Today, our industry is caught in a dangerous cycle where attention is misdirected toward things like the number of agents as the means to increase phone coverage, minimize customer frustration, and lower call abandonment rates. The truth is that these are all important issues but do nothing to increase the support center’s effectiveness or maximize customer satisfaction. While distracted by a subjective metric like headcount, a real problem lies beneath the surface that is likely circumventing your center’s success. The problem is a lack of knowing the importance of a command center or as we call it, a Center of Excellence.

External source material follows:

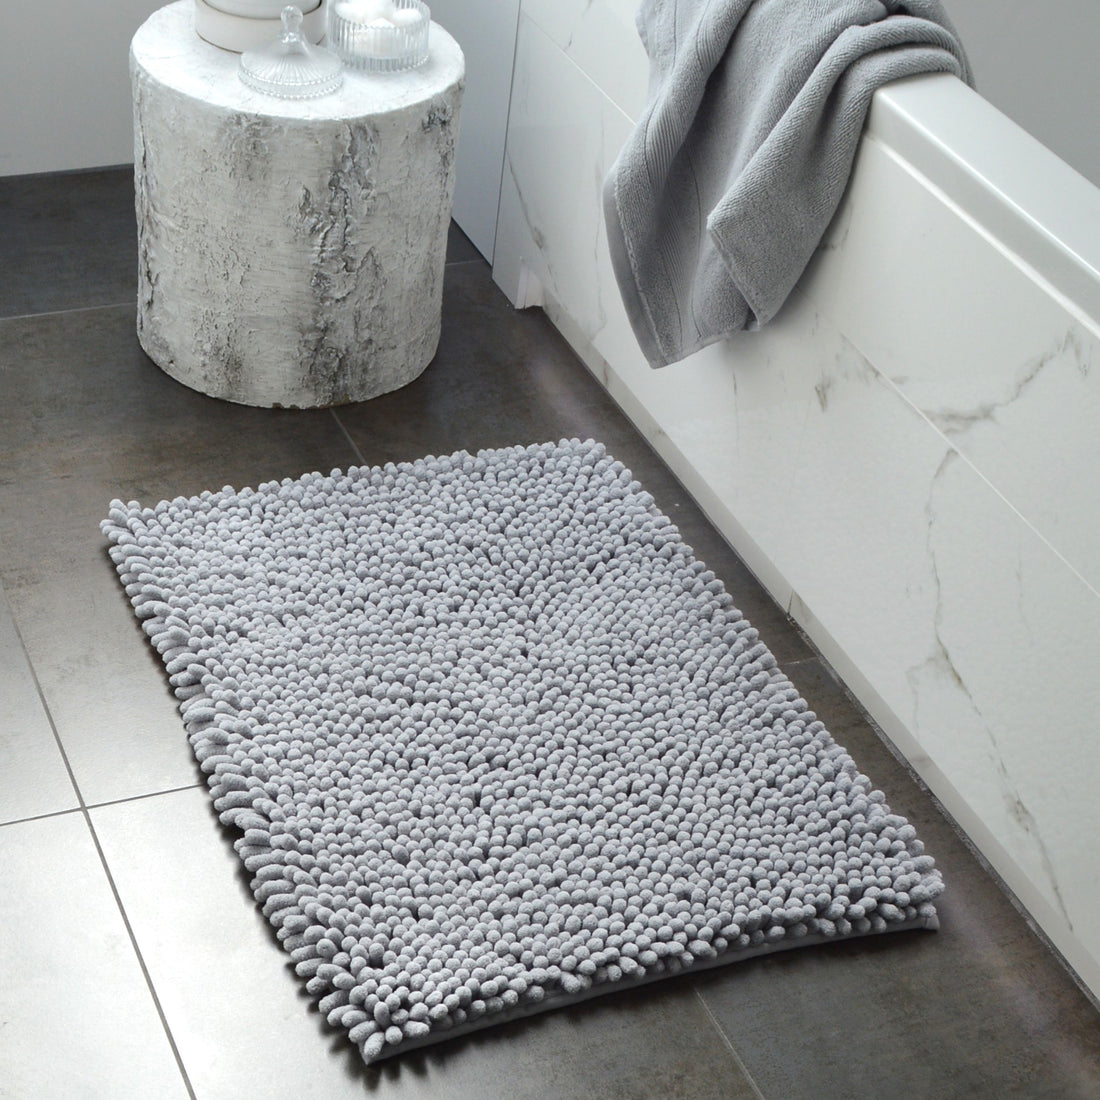 Chenille bobble bath mat in grey

An elite player in the midst of a game and a call center agent needs every ounce of focus, intellect and even charm to make the right moves that result in their respective satisfied crowd or customer. Both the agent and the elite player have nothing left over to grapple with the wider strategy of moving the team towards its ultimate goal by looking at what needs to change. That’s like asking Michael Jordan to do his job and Phil Jackson’s at the same time.

Today, our industry is still attempting to drive performance by putting all the emphasis on using the budget to hire a specific number of agents. Those that control the budget must change the game by giving managers the freedom to ensure that there is a small expert team that concentrates on COE activities rather than on being call center agents. By giving managers the control to set up a COE, all of these metrics and goals become achievable as part of a system of continuous improvement.

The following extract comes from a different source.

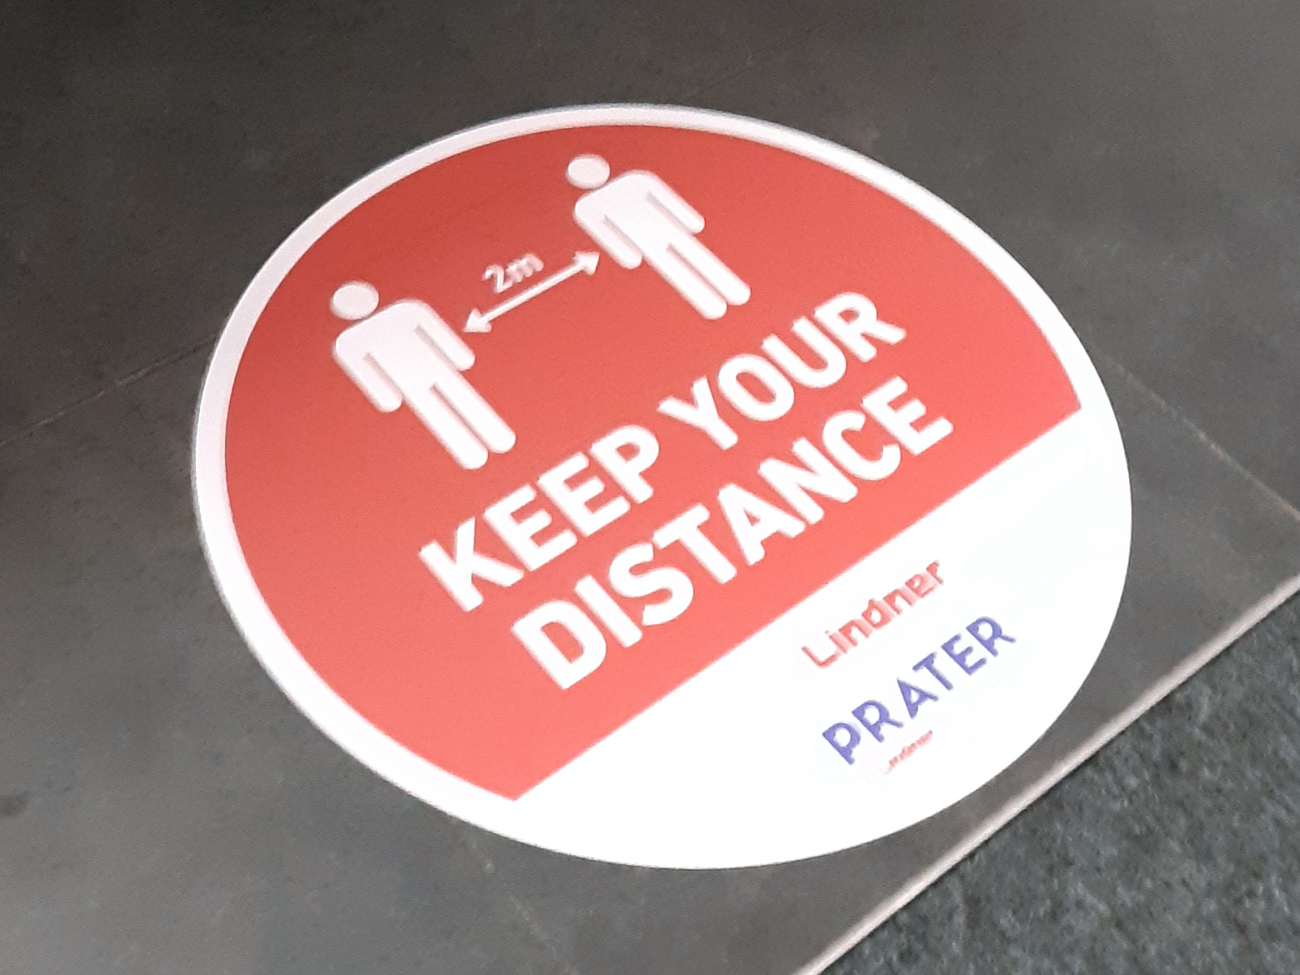 Prater keep your distance sticker

"That’s like asking Michael Jordan to do his job and Phil Jackson’s at the same time."

That’s because the skilled leader of the Center of Excellence is like a skilled coach. They both guide the players by taking a more holistic view. In the case of the COE, that means the support center and support center performance. This is true whether you’re developing in-house or outsourced support centers.

Without a COE, support centers have no way of knowing if they are doing well. This is the only sure method for objective assessment and critique for plotting the course to consistently improve performance. Without this mechanism you’re just expecting to build a top performing support center by chance. Like the coach that constantly assesses the team’s current state and plots a defined path to future excellence through specific training mechanisms, a COE is the mechanism for sustained excellence in the support center.

Successful team owners understand that they need to give coaches the freedom to shape the team through constant development of a winning mindset. That requires budgetary control to build the team, apply the tools, develop the skills, enable focus, and track progress to achieve continuous excellence.

When our industry’s VP of customer service/success and CFOs give managers the control and the mandate to implement COE, they provide them with the ability to constantly know where the team stands and continually evaluate the areas they can do better. This empowers them with the mechanism to know which areas to act on and then gauge the level of improvement over time. Without this continuous improvement loop made possible by a Center of Excellence, customer service centers are playing a dangerous game where they will inevitably lose customers. To win at customer service, companies need a COE to guide them through to victory.